The average age of the tanker fleet will rapidly start to go upwards as we edge closer to the end of the current decade, which, provided the proper circumstances could help alleviate any long-term tonnage oversupply concerns. This, coupled with the implications of the ratification of the Ballast Water Management Convention (BWM) could trigger even more demolition candidates. In its latest report, shipbroker Gibson pointed out that tankers which are able to dry dock prior to this date will not have to fit a BWM system until their special survey after September 2017 and are thus likely to continue trading for the time being. However, the focus has to be on ships which are due to dry dock after September 2017, and thus will be required to fit BWM systems.

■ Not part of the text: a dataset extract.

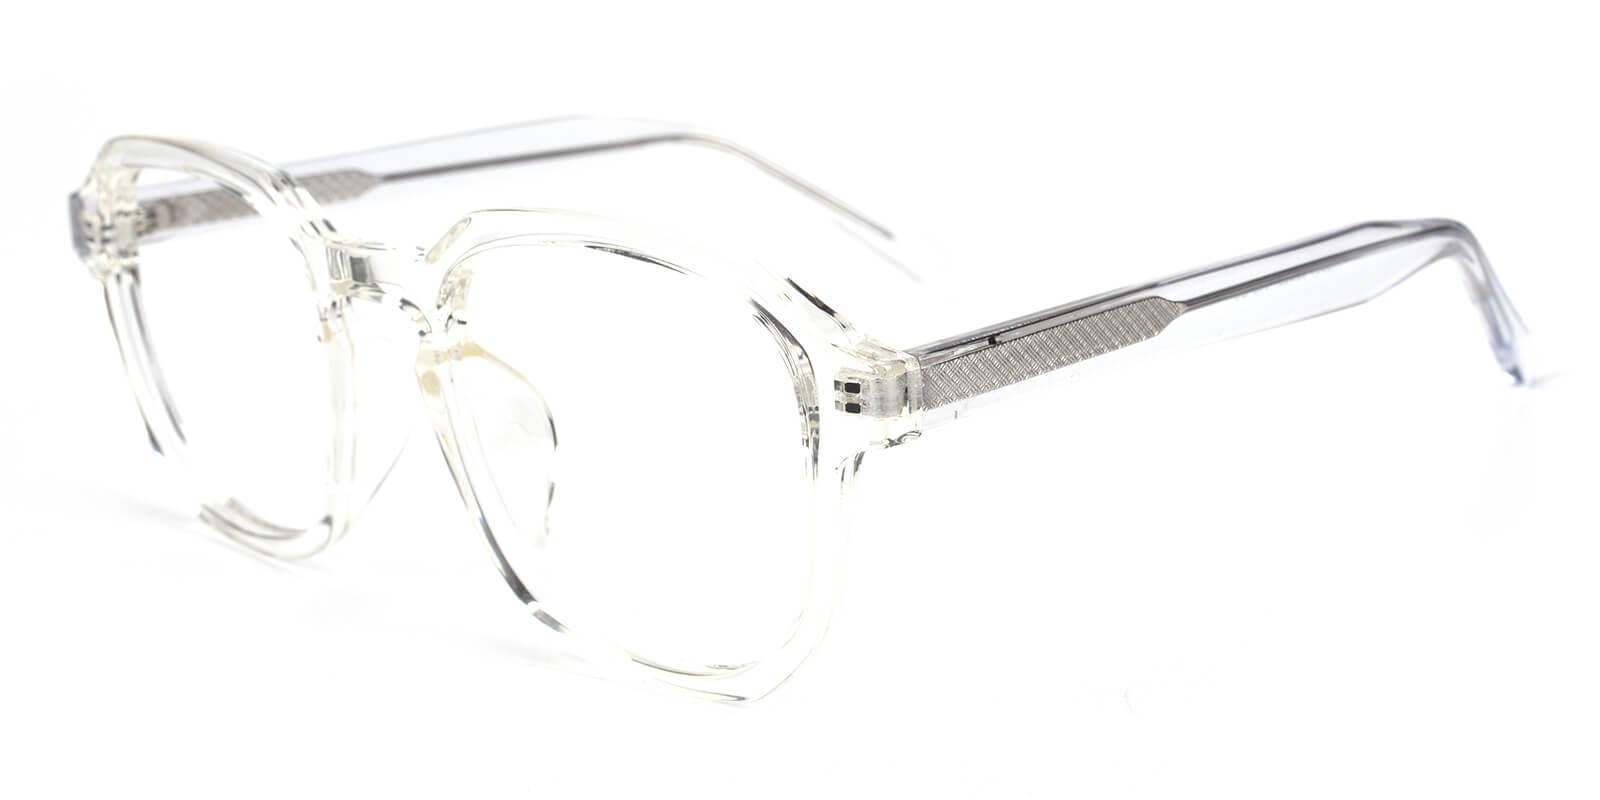 Emmar-Translucent-Square-Acetate-Eyeglasses-additional1

Going forwards, Gibson noted that “the current tanker fleet age profile will start to change, with more vessels approaching scrapping age. Today, 85% of the fleet falls below 15 years of age, with 62% below 10 years. However, over the next 5 years we will see an increasing number of tankers becoming over 10 years old. By 2020, around 50% of the fleet will still fall below 10 years of age (vs. 62% today); however, the percentage of 11-15 year olds will increase substantially from around 15% currently (depending on the sector) to around 35%. There will also be a growing number of tankers crossing into the 15-20 and over 20 age brackets”.

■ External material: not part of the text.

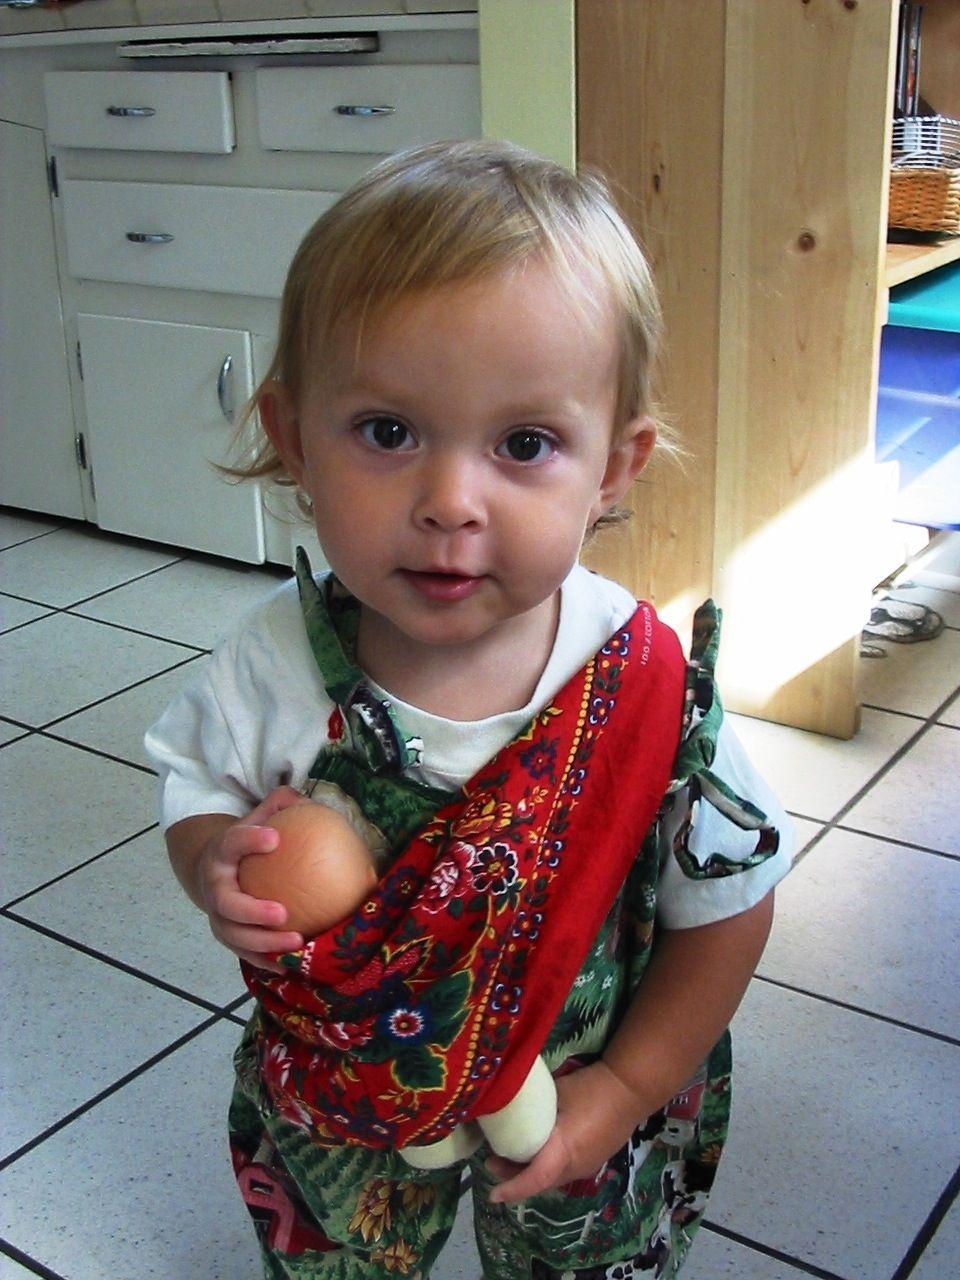 Baby wearing baby dolls

According to the shipbroker, “whilst one might argue that the fleet will remain well balanced in terms of its age profile, one has to consider the drivers of scrapping over the period. Firstly, new regulations. From September 2017, the requirement for vessels to a BWM system at their next dry docking will create an additional and significant cost that will need to be recouped in the market. Equally there is potential for further regulations to be introduced towards the end of the decade. The IMO is expected to reach a decision regarding the Sulphur content of bunker fuels this October. Should the IMO decide to implement the specification change in 2020, then owners can expect fuel costs to rise substantially. The alternative is to invest in expensive and unproven abatement systems (scrubbers). This, together with the cost of installing a new BWM system may force many owners down the scrapping route”, said Gibson.
It added that “much could depend of course on the prevailing freight market conditions that coincide with owners having to make the investment decision. Our projections indicate that tanker earnings could bottom out over the next few years before recovering in the latter stages of the decade, therefore we may see a heavy period of scrapping in 2018/19. If owners believe that there will be a phase out of older, less fuel efficient tonnage, lacking ballast water systems, then it could soon become attractive to invest in replacement tonnage. However, nothing is set in stone. We are already learning of potential loopholes which could see owners avoid having to fit a BWM system until 5 years after implementation (2022). These holes could soon be closed and we need to wait for the outcome of the IMO’s decision regarding global sulphur limits. However, if both regulations are confirmed, with no legal loopholes, scrapping could rise to levels not seen since 2010, incentivising investment in new tonnage”, Gibson concluded.
Meanwhile, in the crude tanker market this week, in the Middle East, Gibson said that “VLCC Owners have had very little to play with this week as holidays in the East badly effected enquiry putting Owners on a more defensive footing. The over abundance of tonnage remaining in September will ensure Charterers starting on their first decade October positions will have little to fear. Current levels remain in the low ws 30’s on 270,000mt going East and in the low ws 20’s on 280.000mt for a voyage West. A fragmented working week for Suezmax tonnage has seen a build-up of vessels open off prompt dates. In turn levels have softened to 140,000mt x low ws 30’s for West discharge. With a firmer West market we are likely to see vessels ballasting out of the East. Aframaxes East of Suez saw an uptick in activity this week – but rates in AG and Far East remained range bound, even on replacement or challenged cargoes. Premiums only being seen for Iran business currently, although these are declining in value. The weak Suezmax makert in the East will block off any immediate hope Aframax Owners may have had that the larger sizes would help uplift the Aframaxes. Last done for a voyage AG/East is 80,000mt X ws 60.